1: personal experience. I admit, I'm an old fogey. I'm 36, I mostly listen to music that was written last century (and occasionally before that), but I listen to pop radio on a semi-regular basis and absorb aspects of most cultural trends in the way that any user of meme-based entertainment websites does. I can still detect the shifts in popular genres of music (the ascendance of EDM for example). Of course, there are small sub-genres I'm completely unaware of, but that was always the case: there were always musical niches listened to by the minority of listeners, and often those were the places where future popular music would arise from. But I'm willing to bet that even if you sampled music from every genre you could find, even the small ones, the lyrics would not be any "worse" than they were in the 1990's. So I guess I'm making two claims: the "worst of the worst" in lyrics today is no worse than it was in the 90's, AND the average popular song is no "worse" in lyrics today than it was at that point. The extent to which lyrics of popular music were anti-social and taboo-violating peaked in the 90's (but maybe I'm just saying this because it was the time when I came of age, when I was rebelling, seeking out the "worst" lyrics I could find).
2. Crime rates in the United States. I recall that many people - pundits, scholars, and everybody else - looked at the trend in violent crimes in the US during the 20th century and assumed that the upward trend would just continue. But it didn't. Murder rates, burglary, you-name-it have all fallen since the 90's. There are many reasons for this, I'm sure, but it made me think about lyrics and certain assumptions about lyrics simply because it was another case of people being mistaken about a trend continuing unabated. I'm not saying these two trends (assuming the lyrical trend is real), which would be more-or-less simultaneous, are causally related (though if I had to speculate, I would say that the lyrics reflect social reality and not the other way around, or its a reciprocal relationship). It just got me thinking that trends are often part of cycles, not inexorable laws with one trajectory.
Of course this is just a hunch. I'm looking for a quick way to do a little content analysis to test this hunch. There are a lot of useful databases out there now, so I assume it could be done.

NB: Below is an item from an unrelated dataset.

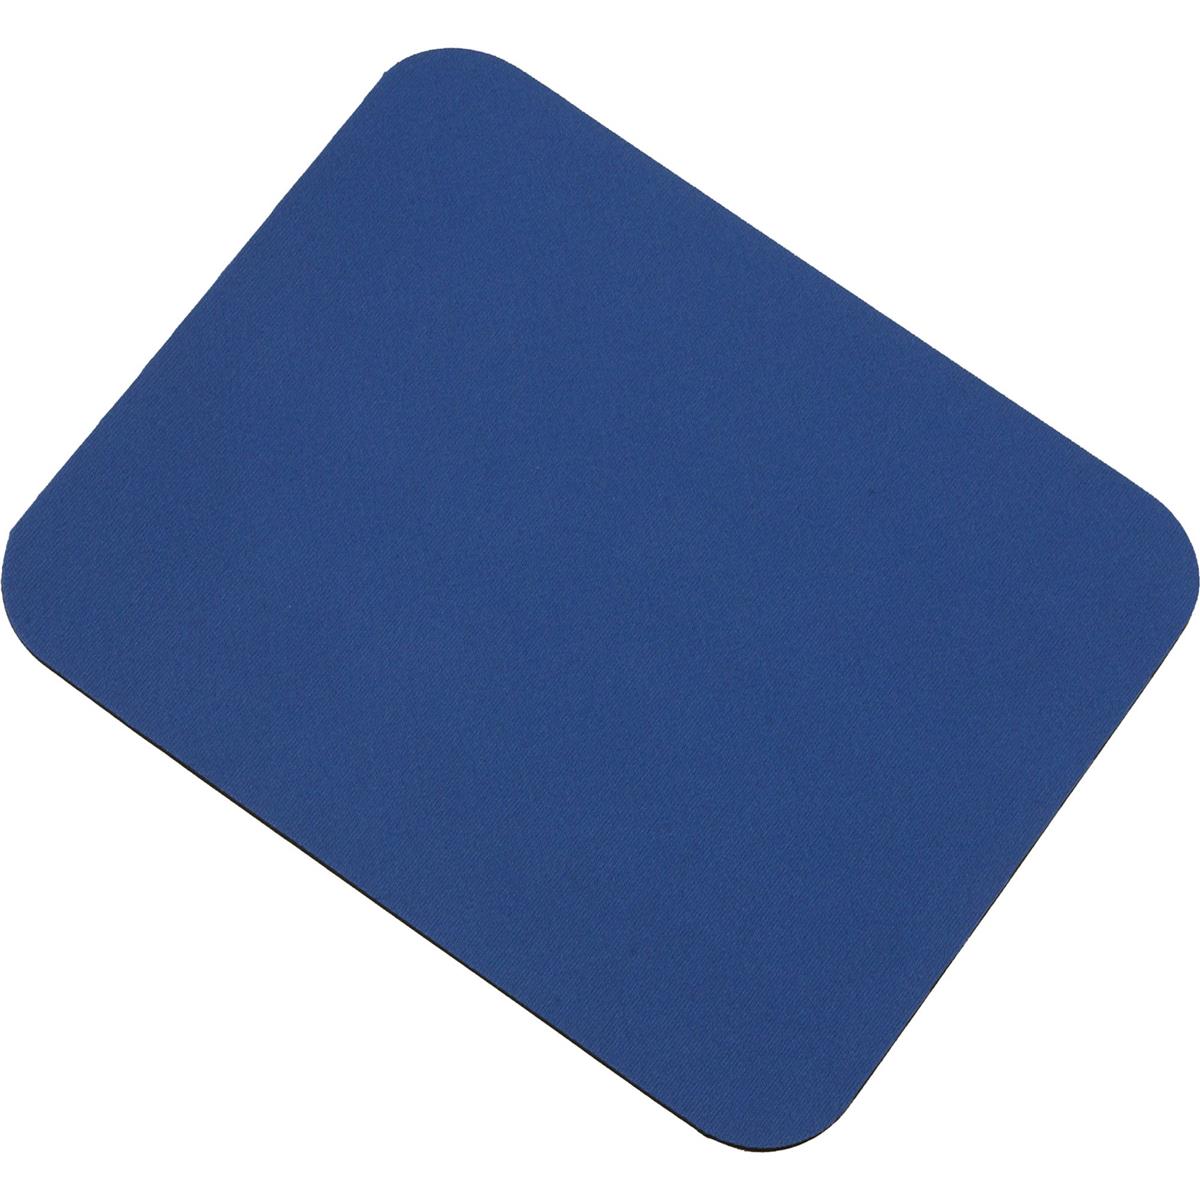 Image of Belkin Standard Mouse Pad

To return to my point about lyrics and their place in the media environment: I get the sense that teen rebellion (or just rebellion in general) is no longer the domain of popular music. Lyrics went about as far as they could go in terms of violating taboos. The internet clearly allows for more rebellion, more anti-social behavior (not only in word, but in deed), which, I suppose, underscores the importance of taking a holistic view of media use, whether you're a parent, a scholar, or both.